* Work required *
Print out the data below. Do not alter a single line.
Recorded data Block Start
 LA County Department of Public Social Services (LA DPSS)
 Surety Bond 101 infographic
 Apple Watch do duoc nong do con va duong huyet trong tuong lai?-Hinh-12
Recorded data Block End
* Response *
 LA County Department of Public Social Services (LA DPSS)
 Surety Bond 101 infographic
 Apple Watch do duoc nong do con va duong huyet trong tuong lai?-Hinh-12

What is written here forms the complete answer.